Airlines are only "desperate" to fill empty seats when they can make some money off of it. If a passenger has already earned the miles to pay for the seat -- that is, already paid their cash to the airline -- the carrier's only reason for providing award space is because failure to do so will dissuade people from being loyal in the first place. It isn't as though there is a benefit to putting more people (that is, weight) on an aircraft. Meanwhile, the airlines have an incentive to ration "cheap" award space, even if a flight will go out half-empty, because they want to incentivize those customers who have already committed themselves to the loyalty program to continue to collect miles in order to afford an (available) reward. The problem is that it will take a while, at least, for even many business travelers to fully appreciate just how worthless their miles have become. That leaves an expectation gap, such that customers will continue booking on a certain carrier in the false believe that their miles will get them a valuable award ticket. The airlines, of course, promote this misconception by advertising increasingly scarce saver awards ("awards from just 5,000 miles!").

BiPlane April 20, 2019

The points I made in my comment were apparently beyond the understanding of one reader, so I will use bullet points to clarify what I thought of the FT article; 1. Airlines are in biz to make money, the more the better. 2. They have always steered flyers into undersold flights, through lower prices or award miles 3. Some MP members will benefit 4. FT can't demonstrate that the change will be a "huge devaluation" yet, though experience may tell us devaluation is likely. How these points somehow give the airlines a "pass" on the changes is not clear to me, just a simple statement of motivations behind them as I see it. I guess I'm not venting enough anger for some even though I'm certainly not happy with most program changes.

Mtothe M April 19, 2019

BiPlane, which airline do you work for exactly?

Jackie_414 April 17, 2019

My first flight on United was in 1965. Of course, back then before deregulation it was nice to fly. People got dressed up. Flight attendants, then called stewards and stewardesses, treated everyone well.

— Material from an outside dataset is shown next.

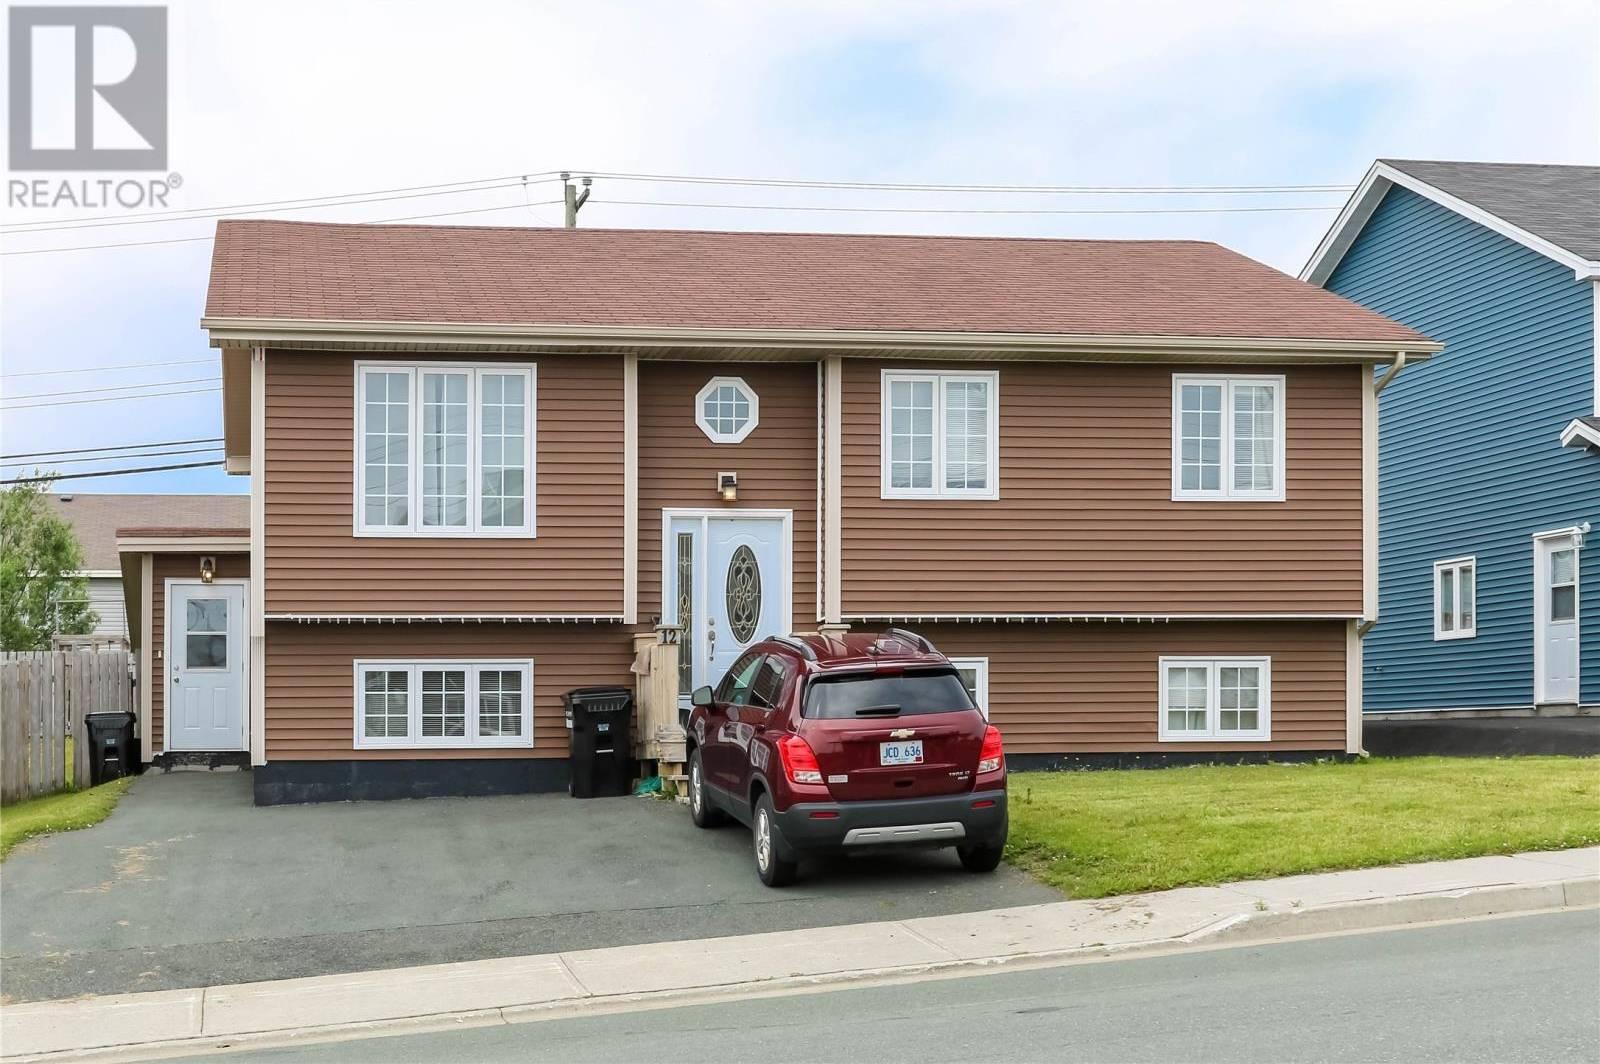 House for sale at 12 Caribou Pl St. John's Newfoundland - MLS: 1201026
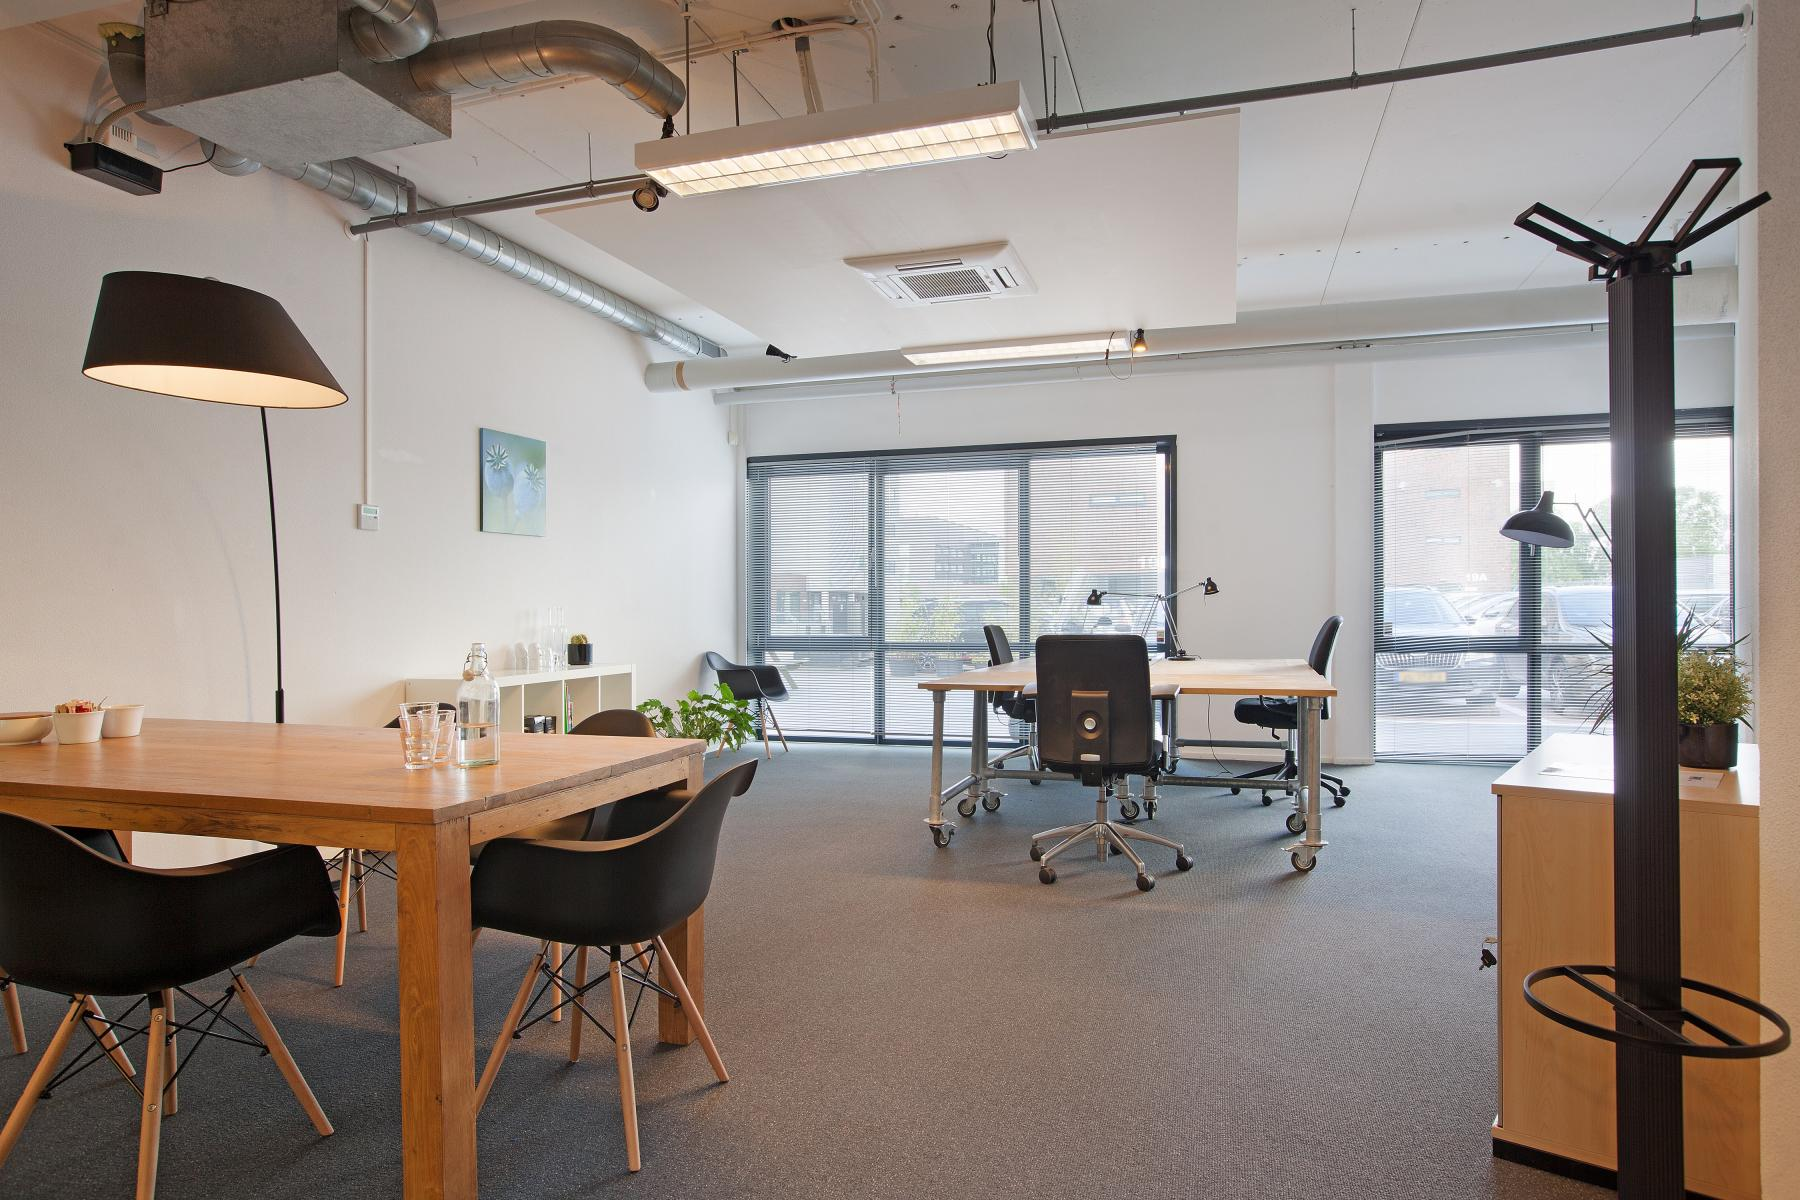 kantoorruimte meubilair te huur amsterdam asterweg

Since deregulation, things have steadily declined into a cattle herding operation. In the past 20 years I have gone overseas more than 110 times, all using United and Star Alliance connections. Now my "investment" is virtually worthless. The comment about a three-airline oligopoly is quite to the point. Delta started it with the Atlanta hub structure. Out of that came pseudo-monopolies. With the consolidation of the majors and the obvious and overt collusion, added to the TSA hassle, is it really worth it anymore. Maybe I will just get a travel trailer and tour the US and Canada and forget about flying.

OZFLYER86 April 17, 2019

more evidence that frequent flyer programmes are dying a slow death, except for those people who actually fly a lot. Getting points/miles from credit cards is getting harder, fees for credit cards & frequent flyer tickets are getting higher & the world is heading into the biggest ever recession, where cash is king. Am constantly offer 15% to 20% off for cash, rather than using a credit card.